My latest Post.

This view,this beauty
A tear unbidden
Creeps into my eye.

My stay is short
But I shall return to this place
If only my life is long enough.

Such beauty
Gazing upon it
I hope my years are many.

Bokusui Wakayama.

Sunday, March 25, 2018

In search of Kisenyama Dam & Reservoir.


   I have spent many hours mountain-biking and hiking in the hills at the back of Uji City, and never really payed much attention to what was really there. I was aware of the small settlements nestled within the many valleys, like Ikenoo and Kasatori. 




   But it wasn't until I was standing on the summit of (Mt)Jubusan, about 10km away, as the crow flies, that I caught a glimpse of what looked like a lake or reservoir in the distance.

   So I did some research, and discovered that the body of water I had been looking at, was the Kisenyama Reservoir. Always on the look-out for new sites to explore, I decided that this would be my next project; to gain access to, and check-out the area.



Kisenyama Dam.
                                                                                                                                                                          Before I commence my trip, let me shed some light on the Kisenyama Reservoir, Dam and Power Station. The reservoir & dam were constructed to supply water for the hydro-electric power station, situated on the other side of the dam. 


                                                                   The generator operates as a 'Pumped Storage' system, that relies on the gravitational energy of the water to turn the turbines. Once the water has performed it's task . . . . 




. . . . it is then discharged into the Setagawa River where, a few kilometers downstream, it reaches the Amagase Dam, where it is used again to generate more electricity. Because of the limited capacity of the reservoir, the plant only generates electricity when the demand arises.


Canal Weir.
Open Canal.



  









   Now, this is where the story gets very interesting. The only natural water-supply into the reservoir, is via a small stream at the head, not enough to keep the water-level high. So, what the powers-that-be did, was to construct a canal, diverting water from the Setagawa River, at Nango, a suburb of Otsu City (map location) and, about 10km later, emerges at Lake Hoo, in Uji City, 
Ujigawa River.


Lake Hoo.

 








where it is discharged into the Ujigawa River (map location). Using Lake Hoo as the lower reservoir, water is then pumped up to the upper reservoir using two pump generators. Here endeth the lesson. 

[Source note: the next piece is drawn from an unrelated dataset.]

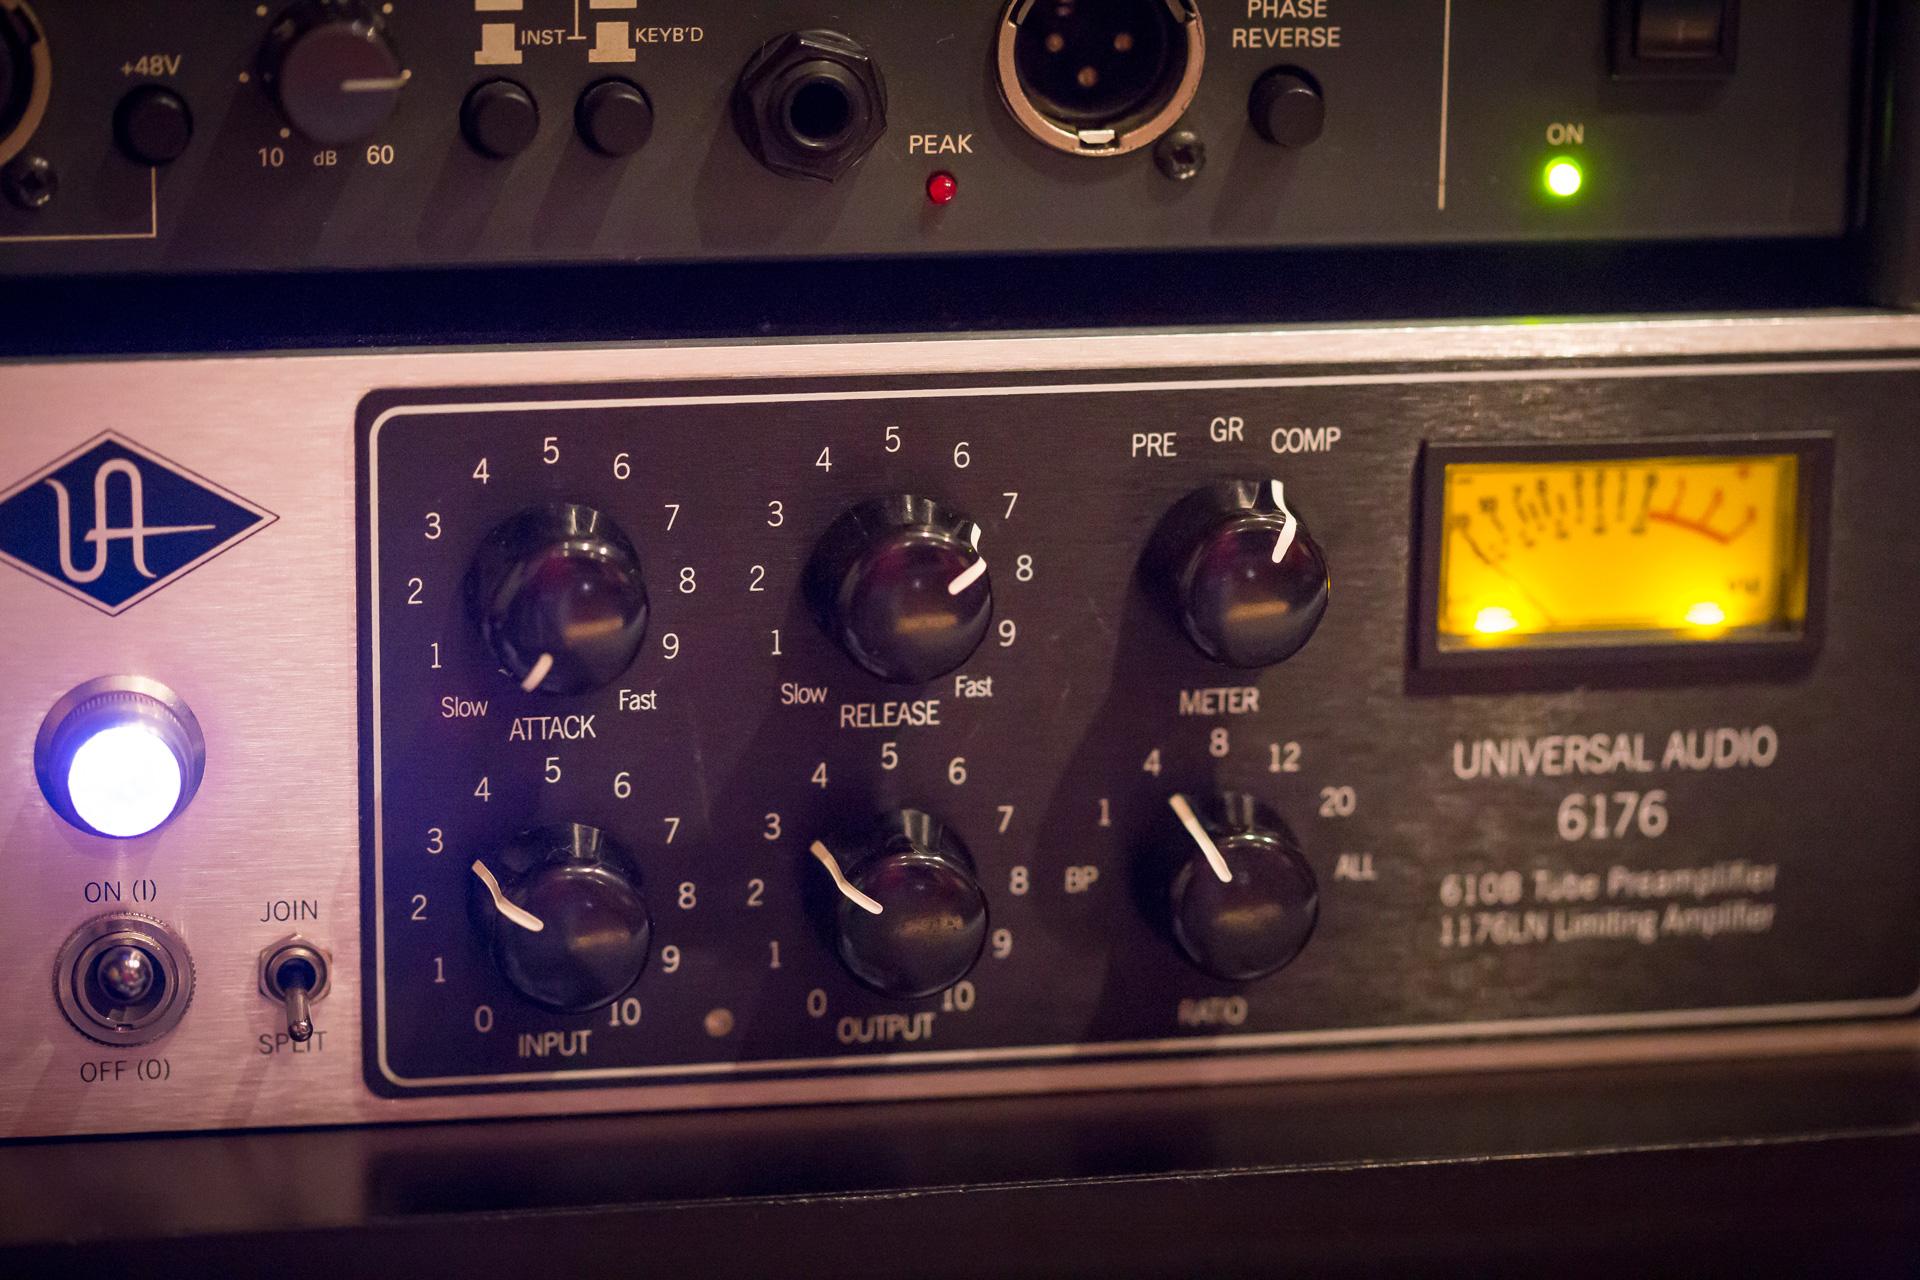 universal-audio-6176-1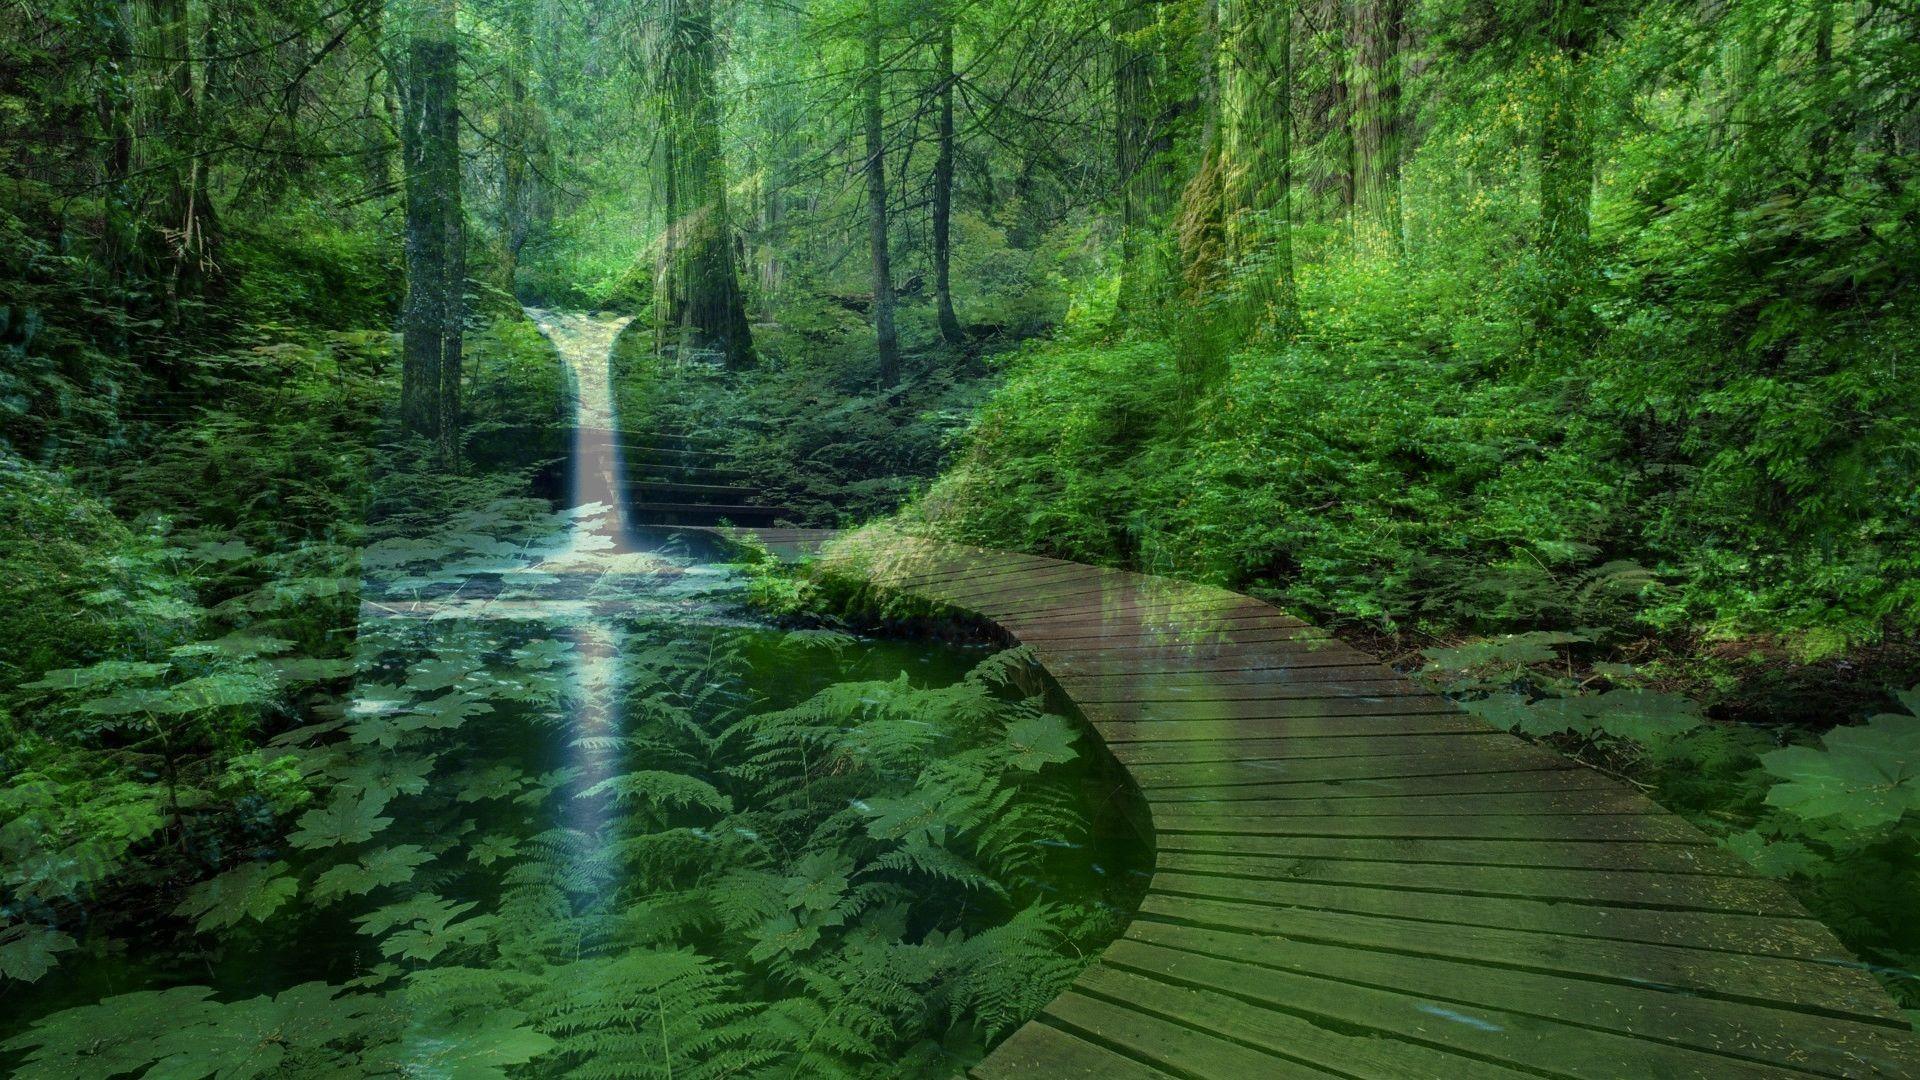 Zen Desktop Wallpapers Top Free Zen Desktop Backgrounds

   My research led me to the conclusion that there were two direct access routes to the reservoir, and a possible third, albeit indirect.

   After a hearty breakfast, I set-off, making a beeline for the Yoimachi Bridge, arriving an hour later. The bridge lies at the confluence of the Tahara and Uji Rivers.



   While I was waiting for my GPS device to connect, I espied a set of concrete steps leading up to an overhanging rock. As I was in 'touring mode' I decided to check-out what lay above. I was surprised when I discovered this small religious icon nestled beneath a large rock. Of all places to site a place of worship, and dangerous as well. With vibrations from passing traffic, I was amazed that the rocks hadn't collapsed. Which was my cue to move-on.

   Route-3 connects Otsu City, at the base of Lake Biwa, with Uji City, and runs parallel to the Uji/Seta River. It is flat and smooth, which it is why many road cyclists use this road to train on.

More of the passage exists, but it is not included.